Your assignment => Transcribe every line of the material below exactly, leaving out the pictures.

Given data =>
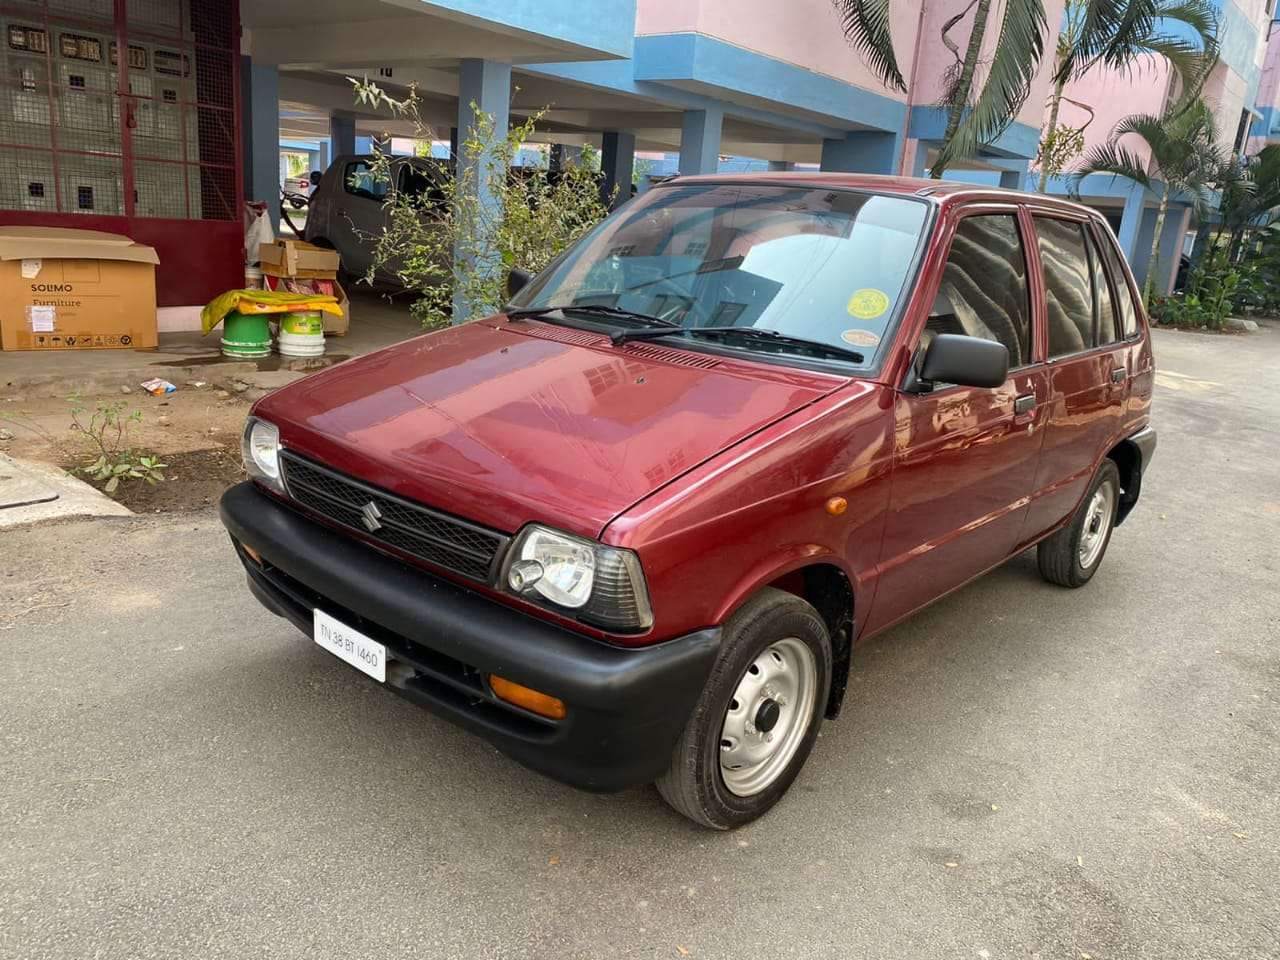 2927-for-sale-Maruthi-Suzuki-800-Petrol-First-Owner-2013-TN-registered-rs-195000
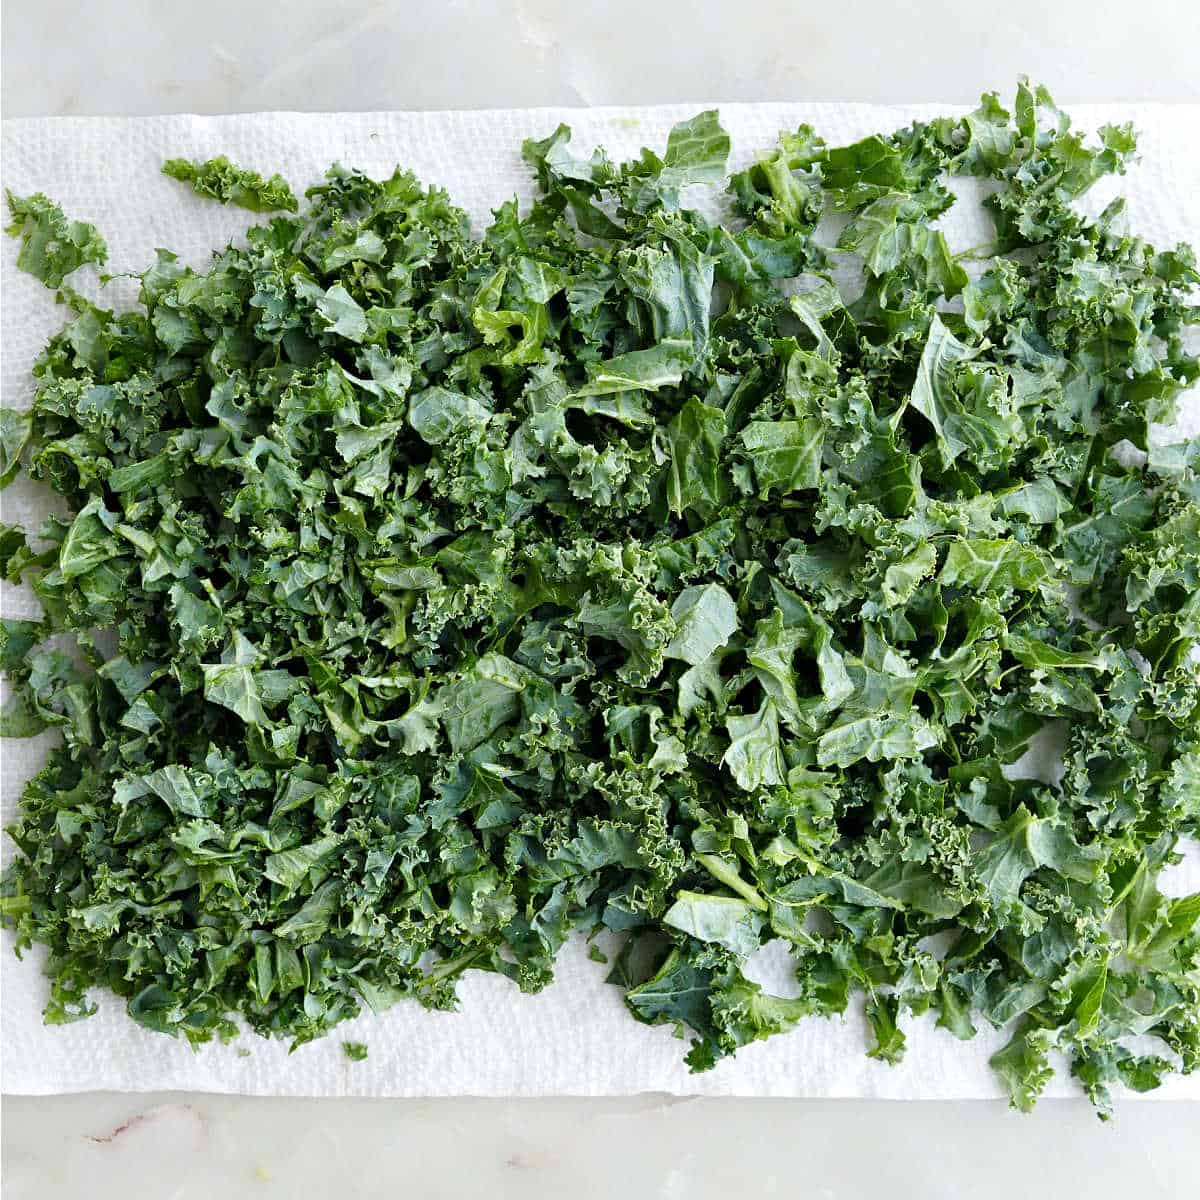 washed kale leaves drying on paper towels on a counter
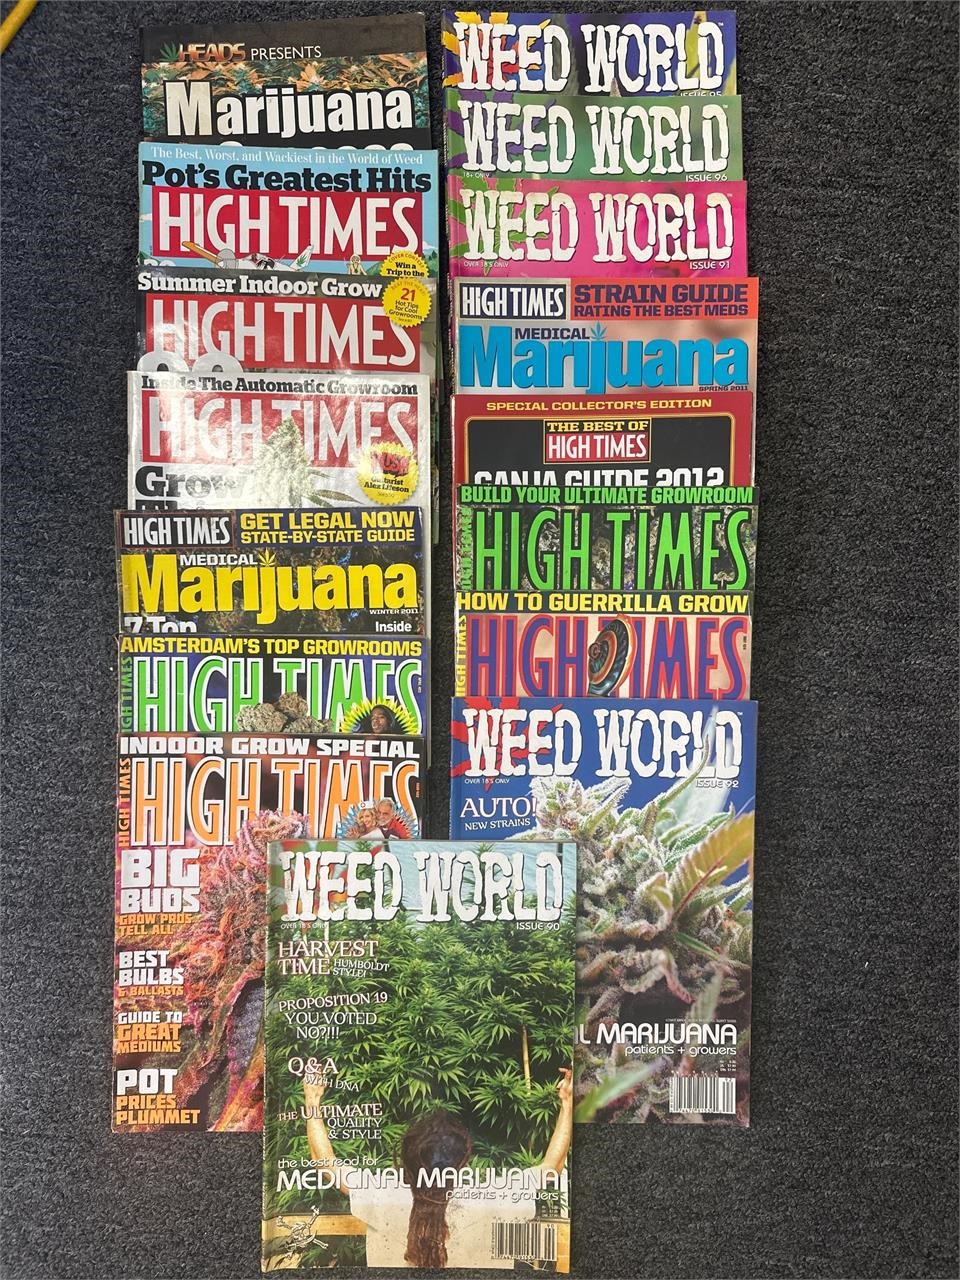 High times and other magazines

Written solution =>
 2927-for-sale-Maruthi-Suzuki-800-Petrol-First-Owner-2013-TN-registered-rs-195000
 washed kale leaves drying on paper towels on a counter
 High times and other magazines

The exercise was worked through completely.